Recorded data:

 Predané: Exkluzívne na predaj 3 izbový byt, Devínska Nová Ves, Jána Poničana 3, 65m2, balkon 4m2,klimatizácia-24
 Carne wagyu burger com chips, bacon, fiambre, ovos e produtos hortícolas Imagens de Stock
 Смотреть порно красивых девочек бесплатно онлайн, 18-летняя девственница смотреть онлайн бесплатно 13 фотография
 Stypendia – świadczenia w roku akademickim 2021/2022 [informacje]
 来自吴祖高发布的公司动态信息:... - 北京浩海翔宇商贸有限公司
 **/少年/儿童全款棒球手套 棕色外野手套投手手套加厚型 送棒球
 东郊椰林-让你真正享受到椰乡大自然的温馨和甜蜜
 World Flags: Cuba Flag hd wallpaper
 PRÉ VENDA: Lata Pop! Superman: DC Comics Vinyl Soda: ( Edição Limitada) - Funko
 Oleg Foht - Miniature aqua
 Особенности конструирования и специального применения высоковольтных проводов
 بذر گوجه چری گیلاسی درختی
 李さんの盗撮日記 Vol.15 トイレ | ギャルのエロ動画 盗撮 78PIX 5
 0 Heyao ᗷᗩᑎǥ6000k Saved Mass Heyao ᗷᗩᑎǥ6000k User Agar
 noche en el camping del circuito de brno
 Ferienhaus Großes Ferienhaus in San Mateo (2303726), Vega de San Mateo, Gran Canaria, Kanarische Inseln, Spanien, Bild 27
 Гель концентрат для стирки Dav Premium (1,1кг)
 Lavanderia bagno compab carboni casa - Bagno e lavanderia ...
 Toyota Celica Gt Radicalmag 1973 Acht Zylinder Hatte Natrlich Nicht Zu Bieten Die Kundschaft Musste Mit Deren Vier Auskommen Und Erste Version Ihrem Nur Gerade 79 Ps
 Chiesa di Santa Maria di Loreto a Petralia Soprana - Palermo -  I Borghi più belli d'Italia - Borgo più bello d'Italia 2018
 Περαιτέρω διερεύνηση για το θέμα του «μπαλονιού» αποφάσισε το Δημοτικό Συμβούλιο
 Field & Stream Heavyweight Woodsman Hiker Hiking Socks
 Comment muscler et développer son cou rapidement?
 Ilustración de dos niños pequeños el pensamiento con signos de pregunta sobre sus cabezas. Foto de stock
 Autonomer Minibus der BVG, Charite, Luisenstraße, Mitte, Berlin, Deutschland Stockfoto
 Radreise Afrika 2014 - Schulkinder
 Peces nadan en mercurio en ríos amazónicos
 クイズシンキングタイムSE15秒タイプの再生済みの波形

*TO DO*.
Please transcribe the data exactly from its first line. End with the line that contains "Смотреть порно красивых".

*YOUR SOLUTION*.
 Predané: Exkluzívne na predaj 3 izbový byt, Devínska Nová Ves, Jána Poničana 3, 65m2, balkon 4m2,klimatizácia-24
 Carne wagyu burger com chips, bacon, fiambre, ovos e produtos hortícolas Imagens de Stock
 Смотреть порно красивых девочек бесплатно онлайн, 18-летняя девственница смотреть онлайн бесплатно 13 фотография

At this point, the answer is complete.